Dr. Chilopora and his wife Esther are leaving for South Africa for the Church Festival and shutting the clinic down during this time, so it's very quiet. We miss the sound of the orphans that we had seen on previous visits.
The clinic is beautifully maintained. The inside is spotless. We are pleased with the entire Clinic venture that LifeNets has helped with since 2001.

We were also very happy to see the water cistern/tank system working. Back on the 2002 container we provided a water purification system that we bought in southern Indiana. It's a system designed to work off a car battery in remote areas and produces chorine gas. It's taken some time for them to get the cistern and tank working with the purification system, but now it's working and has been since we've visited last. The missionary group in Underwood, Indiana will be happy to receive this report as this is the only place in Malawi using their process.
During the rainy season rain water from the sheet metal roof goes into the 10 foot by 10 foot by 10 foot cube cistern. From there it is pumped up into a tank. After the tank it flow into a drum inside the clinic. The water purification system is between the tank and drum.

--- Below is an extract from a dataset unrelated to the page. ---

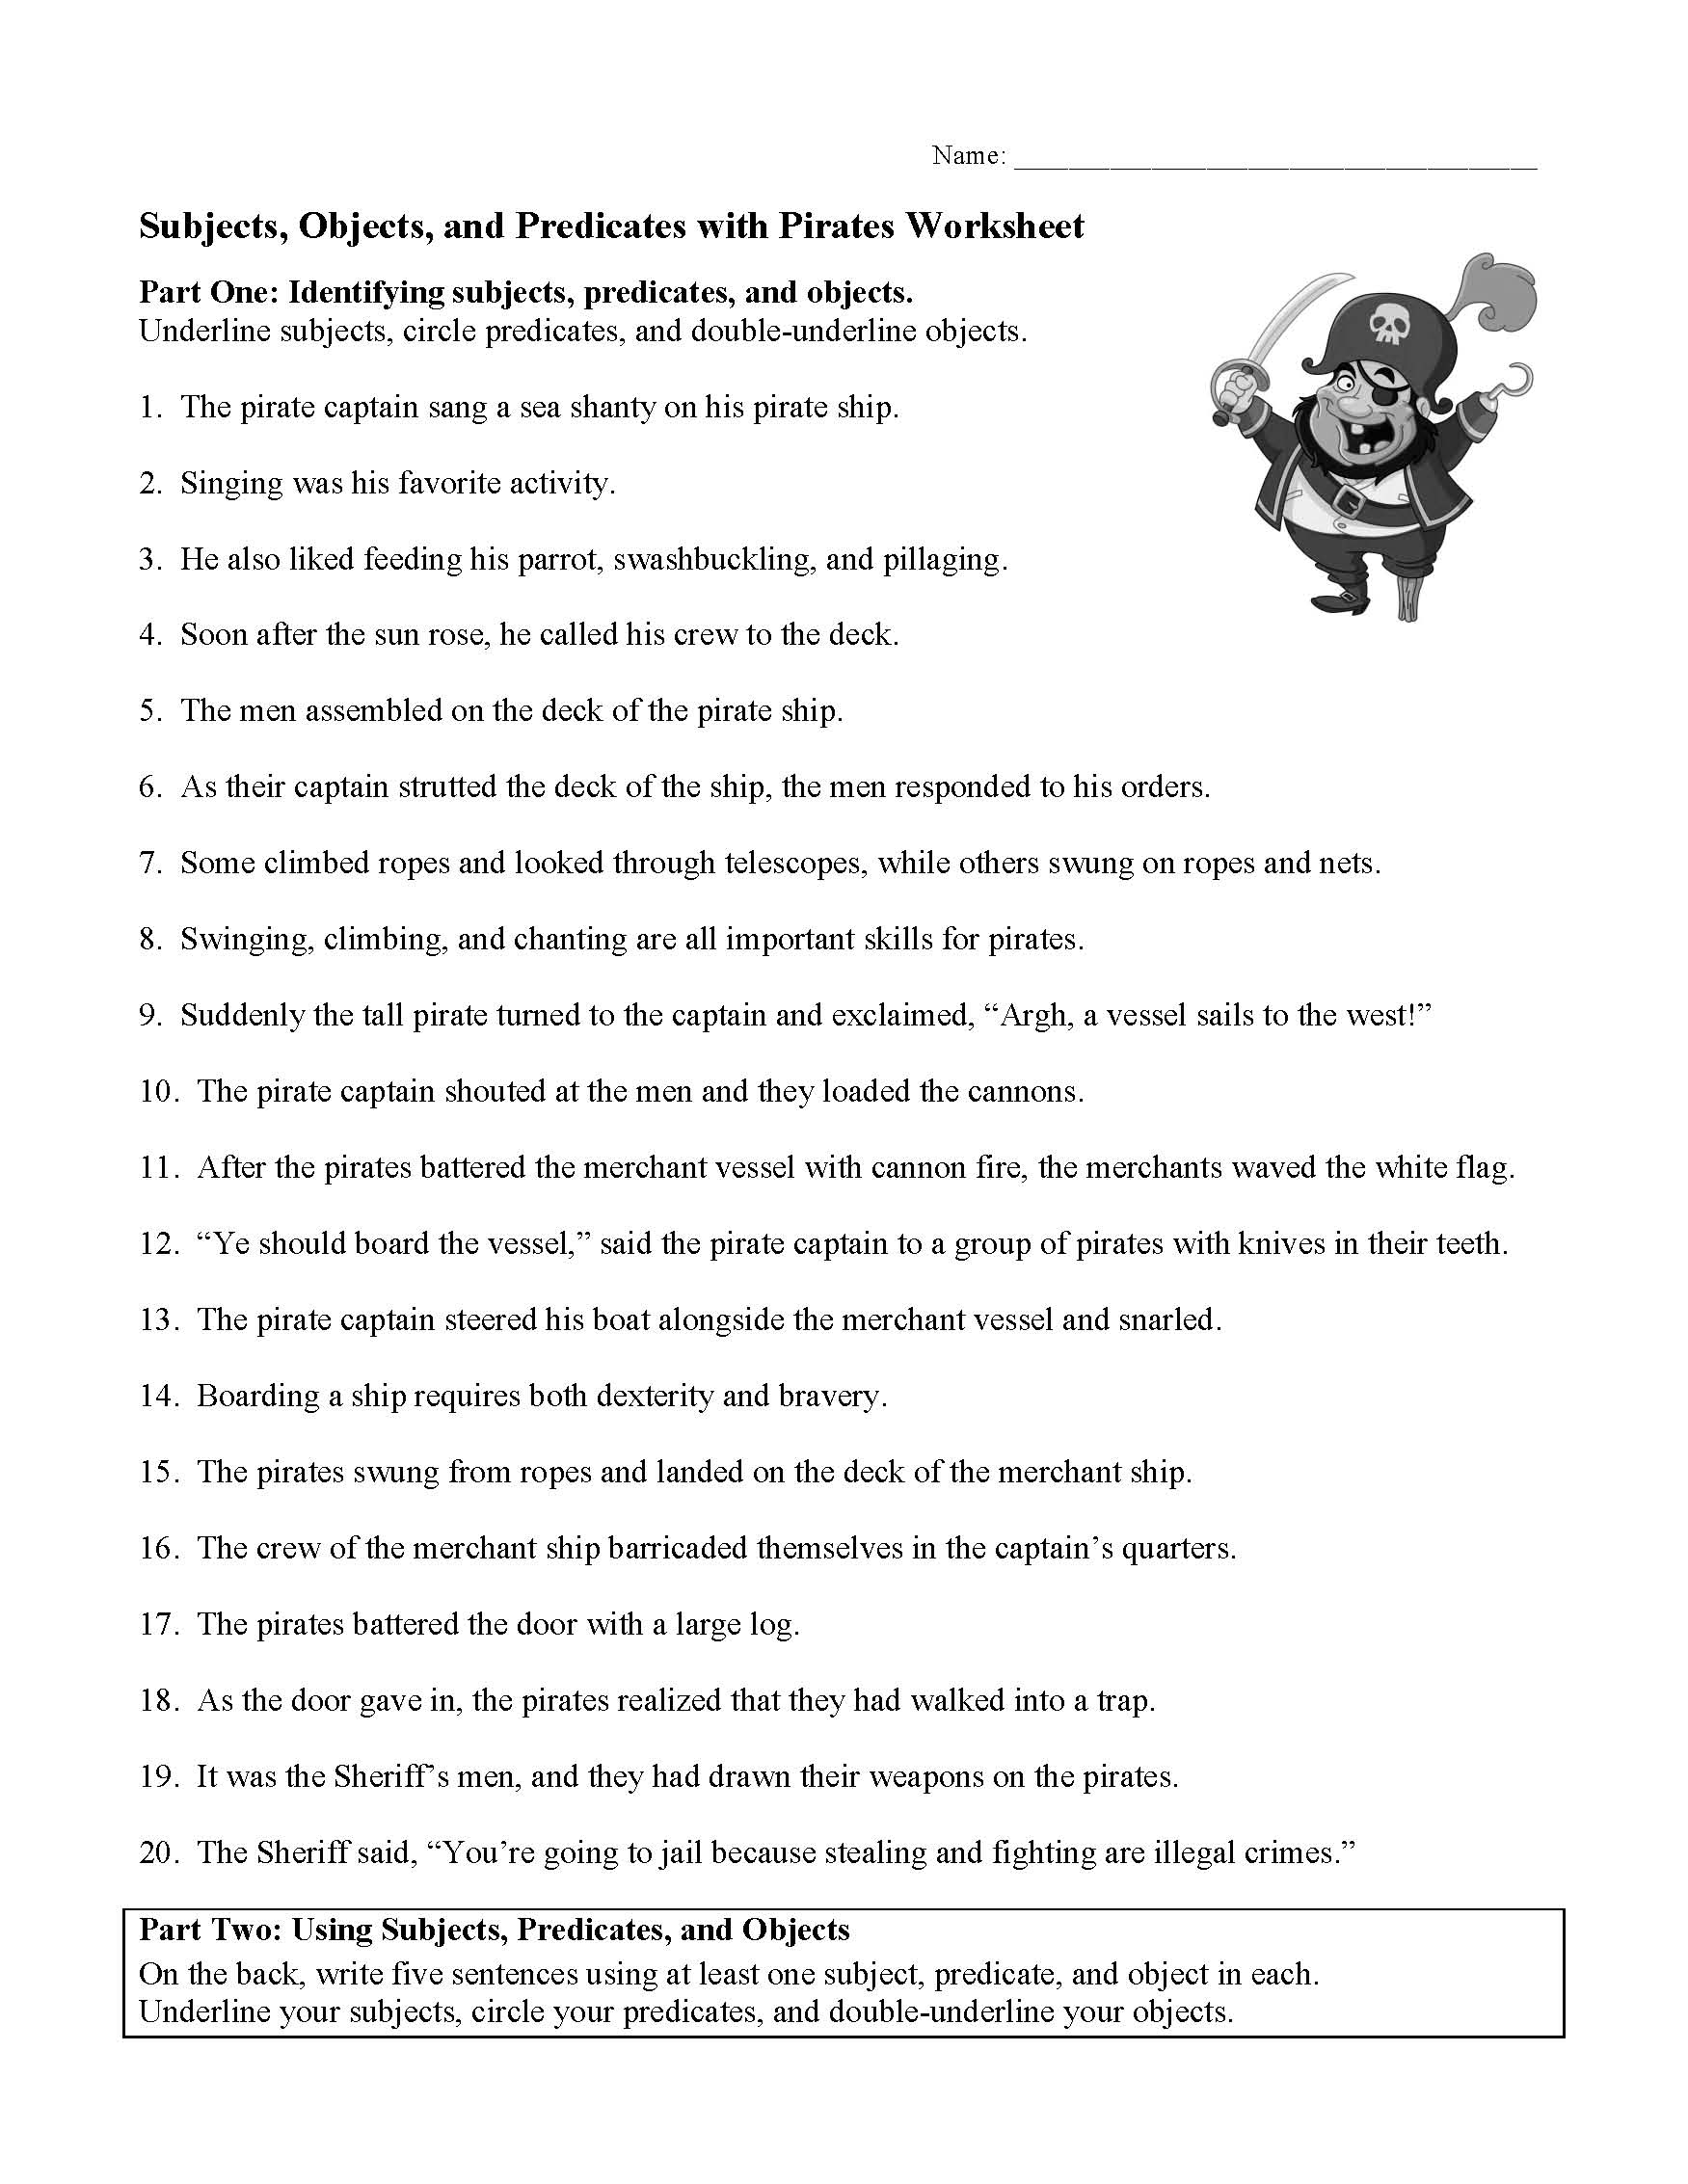 subjects-objects-and-predicates-with-pirates-worksheet-preview

It was only about a week ago that the blankets that were donated by the Whittier Alternative School in Sedalia, Missouri arrived. There were 100 blankets and 250 toys. Half the blankets will go to the orphans and the balance divided up between the Lilongwe and Blantyre churches.  

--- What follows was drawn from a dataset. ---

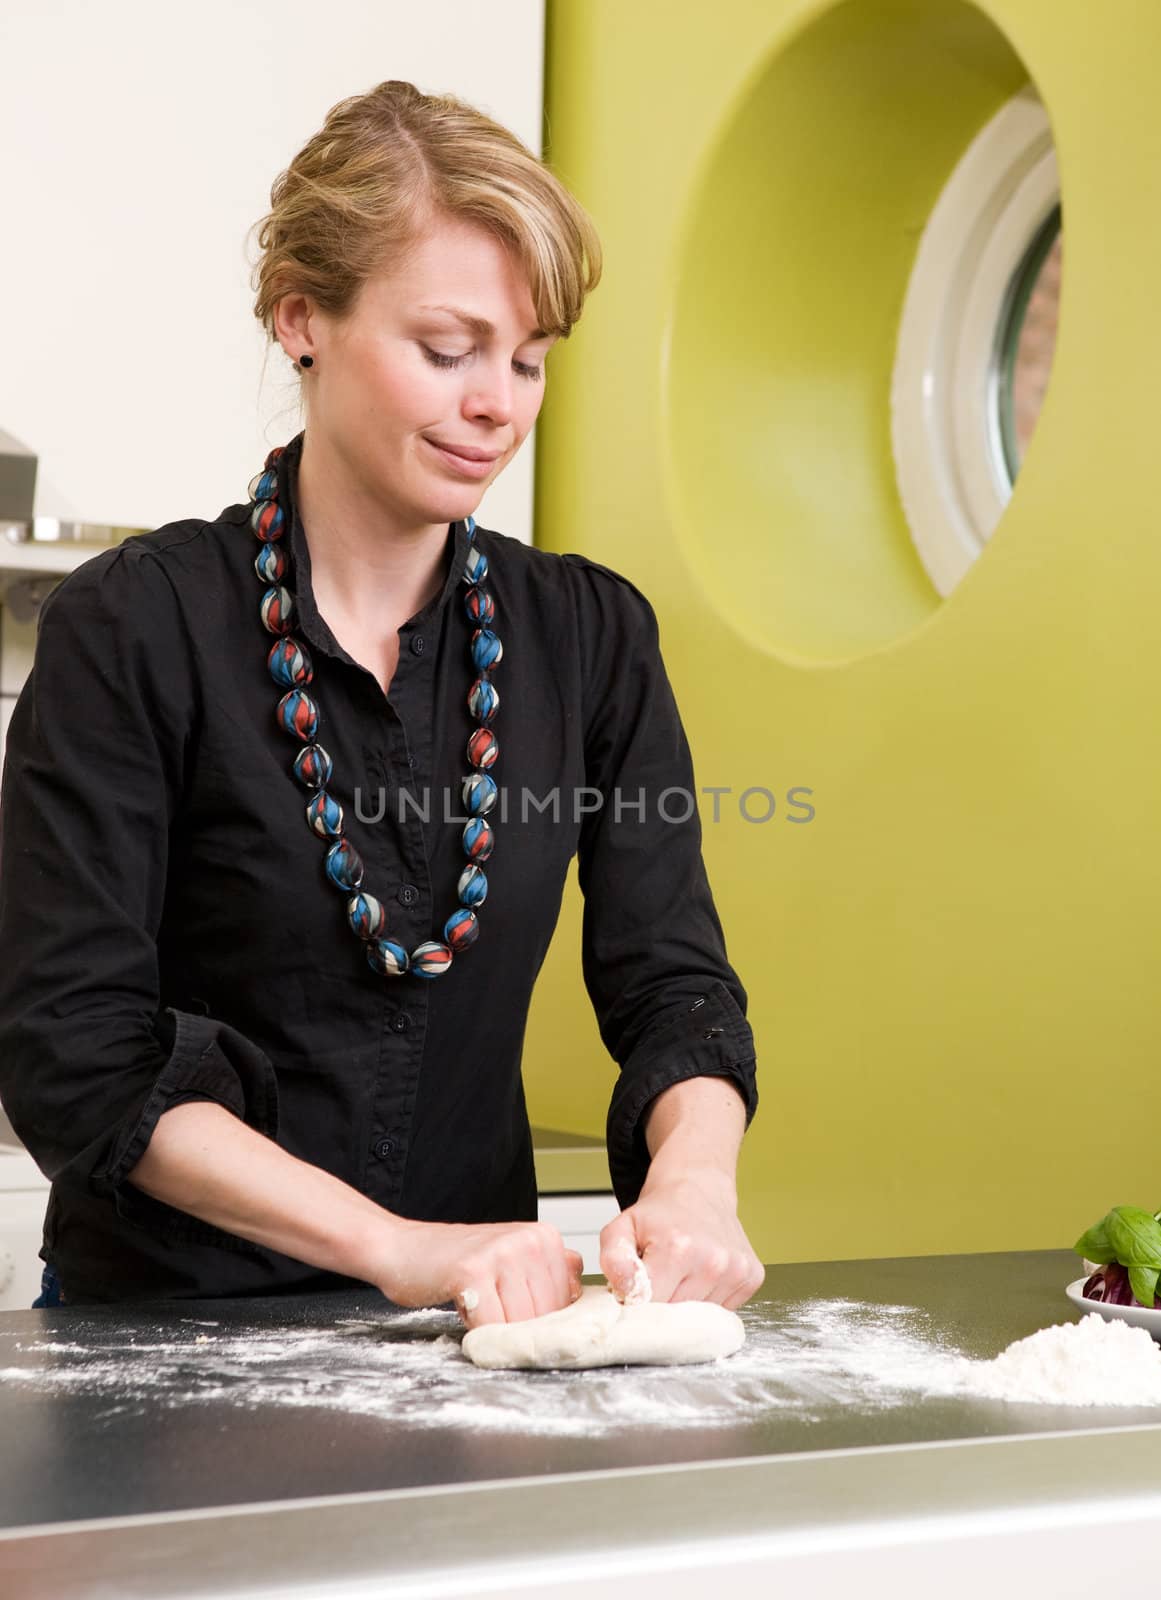 A young woman is making pizza dough on the kitchen counter at home in her apartment.

We then drove 30 miles to Dr. Chilopora's home in Ntcheu accompanied by his visiting grandson Mphatso meaning "Gift.". There we met his wife Esther. We feel so much at home here. The Chilopora's have been special and dear friends to us over the years and a joy to work with. They spoke lovingly of the LifeNets summer project workers Phil Myers, Aaron Blue and, of course, Jennifer Myers. They also saw Jennifer when she was in Lilongwe teaching the LifeNets Business 101 class.  
Esther prepared a tasty meal of chicken, rice, nsima and vegetables. To drink we had water and squash....orange concentrate with water.
We all leave for Lilongwe. The Chilopora's will be proceeding on to South Africa from Lilongwe. We will be in Lilongwe for the Day of Atonement and then go to Lake Malawi for the Feast.
I drive the ambulance. It has held up well in the four years that they have had it. The roads are rough and they are on their third set of tires. Even though you are on Malawi's main highway, there are people and lots of children right off the road. Lots of them! On some sections of the highway, the highway itself is the boundary between Mozambique and Malawi. Sunset is 5:30 and the last hour of our three hour drive is in complete darkness. Complete because there are no road or street lights. Also, there is a very short twilight period-then blackness!
We had to wind our way all through the center of the Lilongwe through a traffic jam in blackness to the Titanic Lodge were are staying. We did have a sinking feeling several times as we tried to find it, but finally did.
It's very nice and elaborate....Dr. Chilopora then drove away with the ambulance to his daughter Margaret's where he and Esther are staying. Dr. Chilopora will translate my sermon into Chewa tomorrow morning.